**About this exercise:**
A verbatim repetition of the data below is requested, without images.

**Given information:**

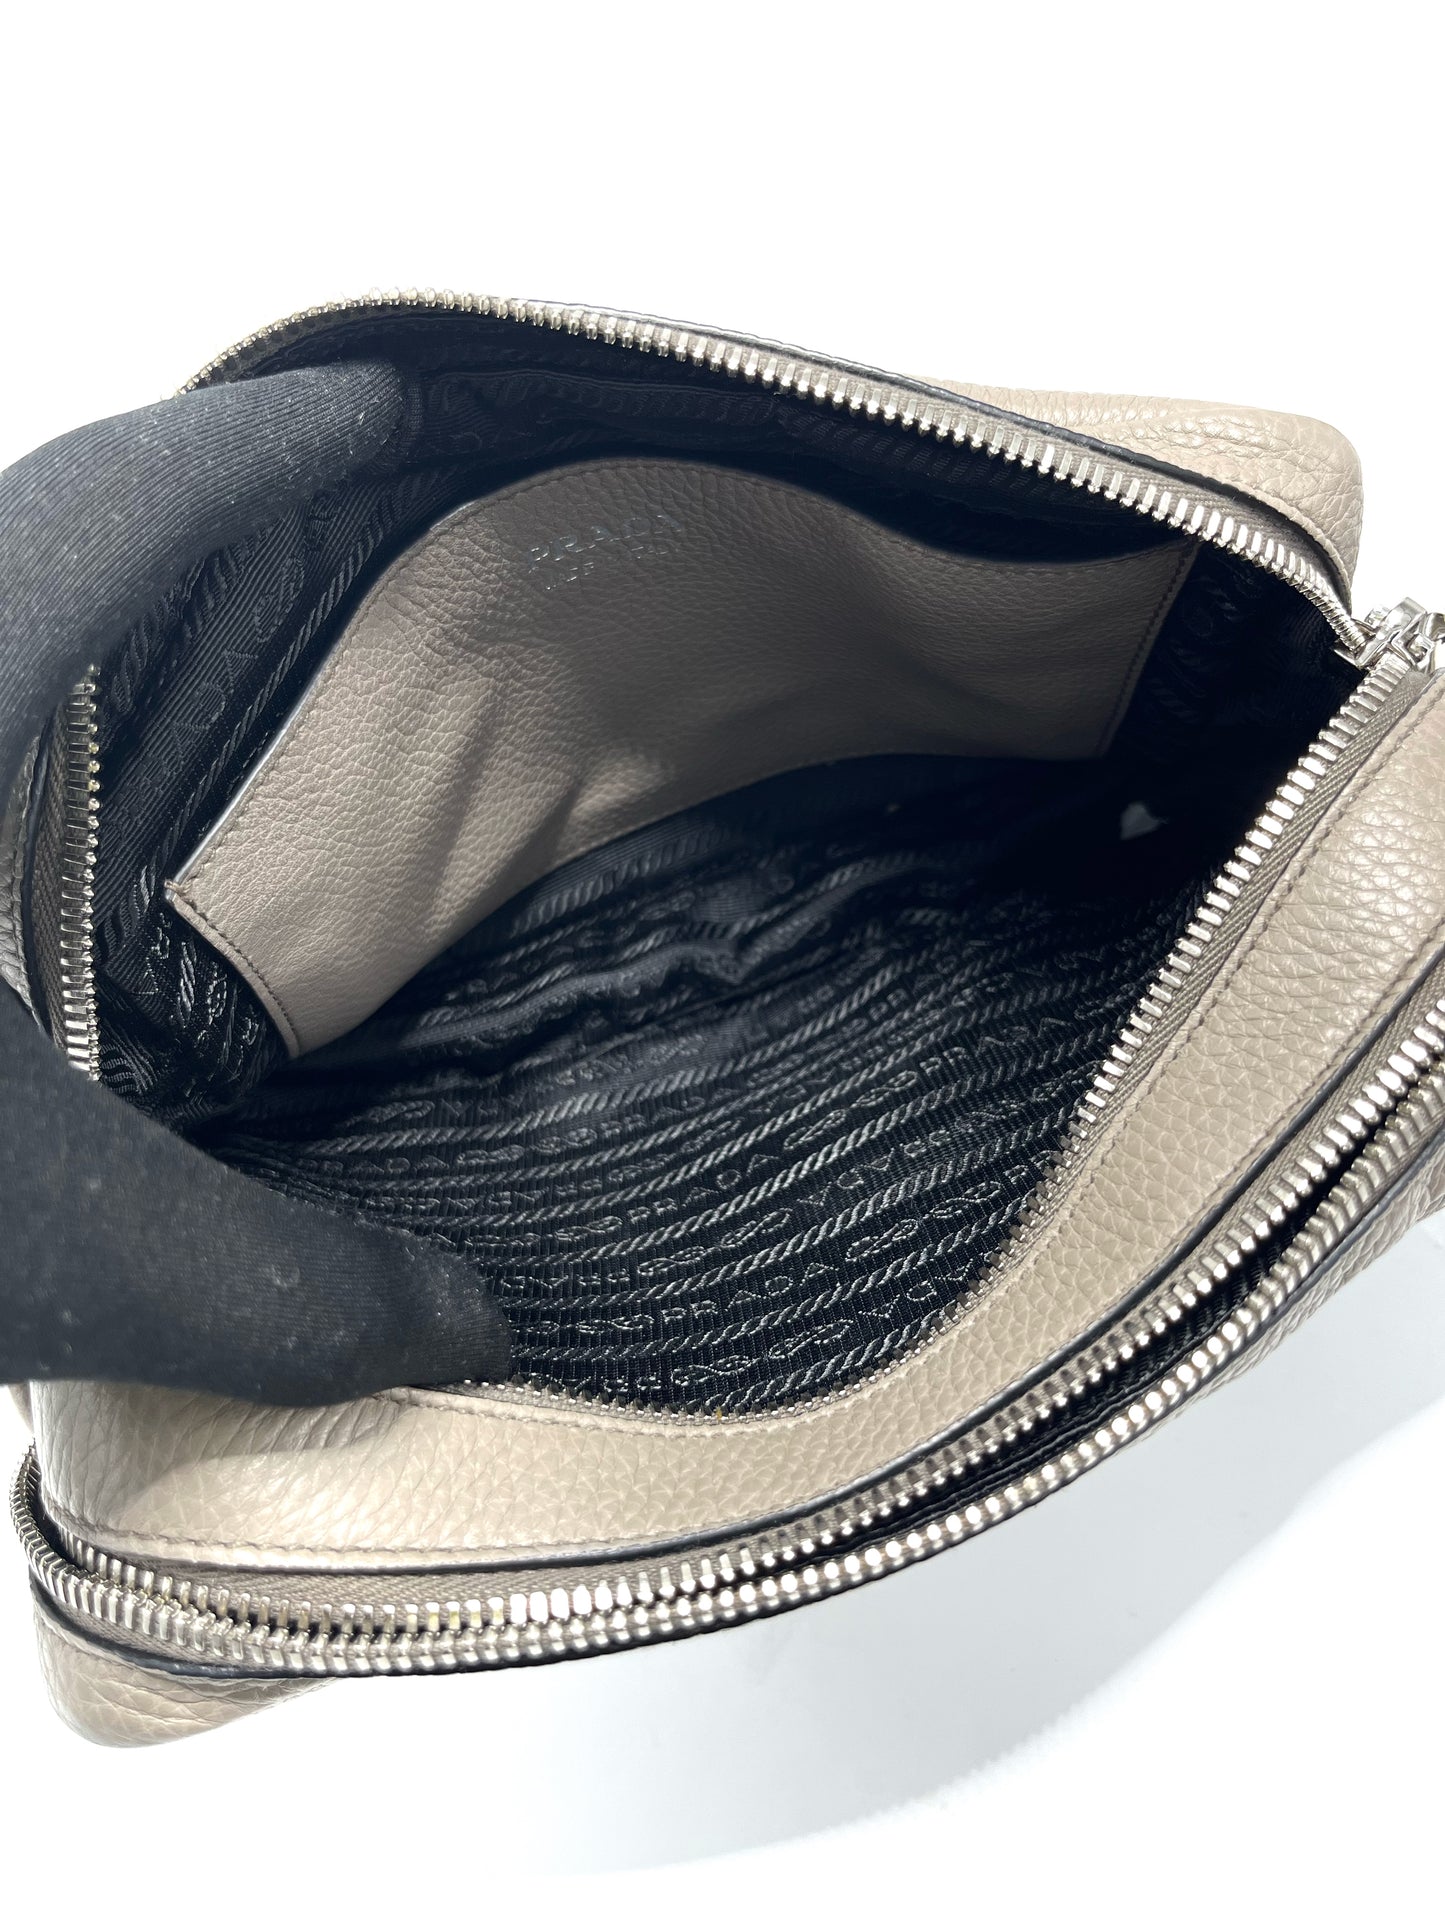 Bandolera Prada shoulder bag
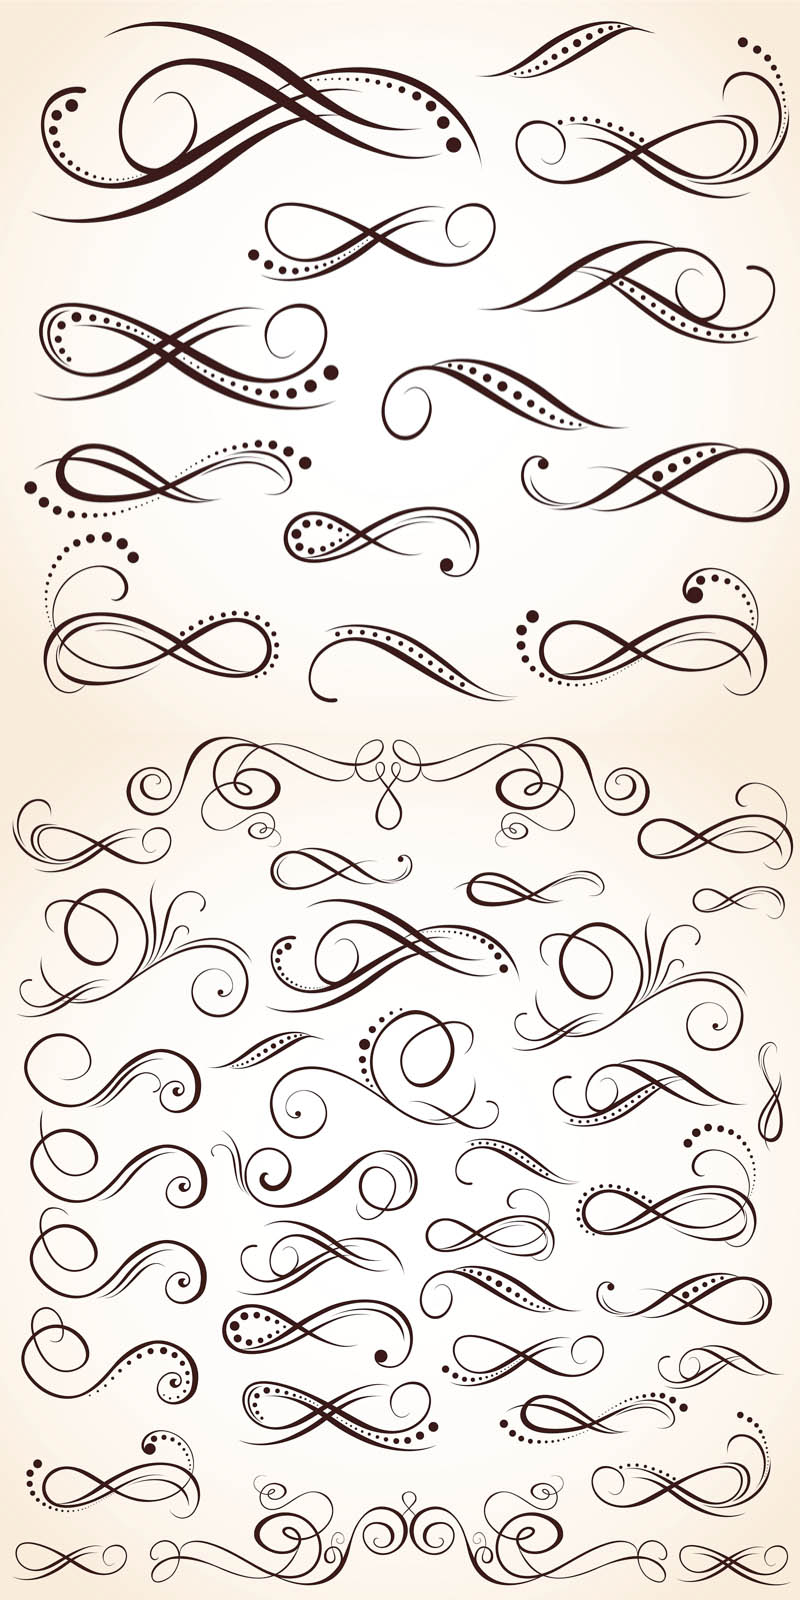 14 Free Vector Ornate Swirls Images
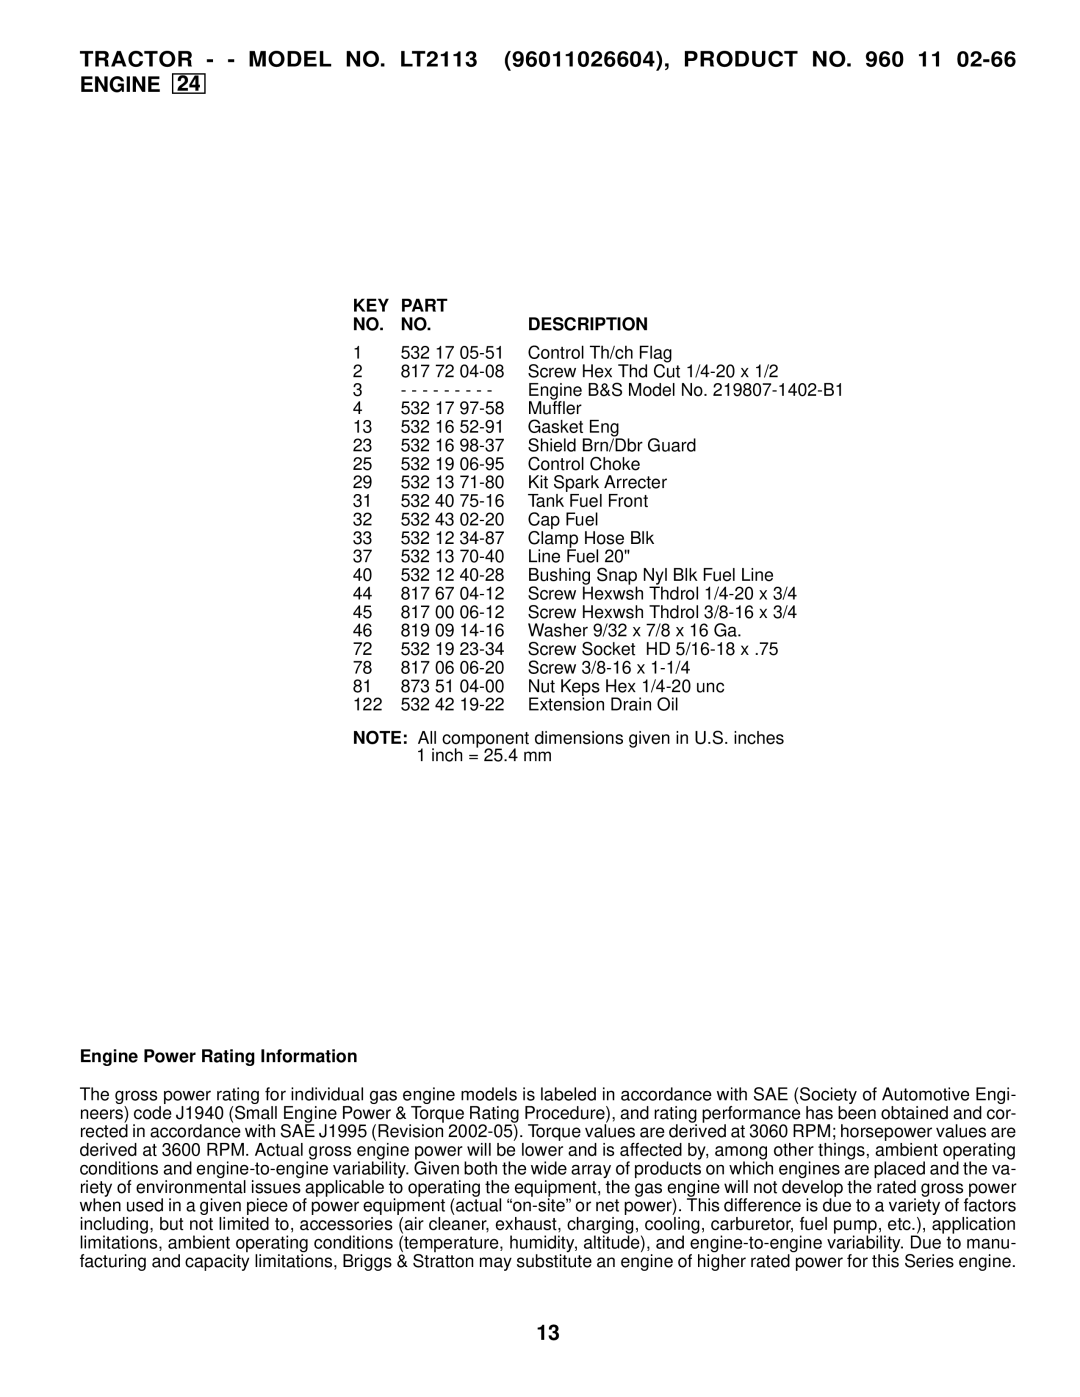 Jonsered LT2113 manual Engine Power Rating Information, Part, Description

**Solved exercise:**
 Bandolera Prada shoulder bag
 14 Free Vector Ornate Swirls Images
 Jonsered LT2113 manual Engine Power Rating Information, Part, Description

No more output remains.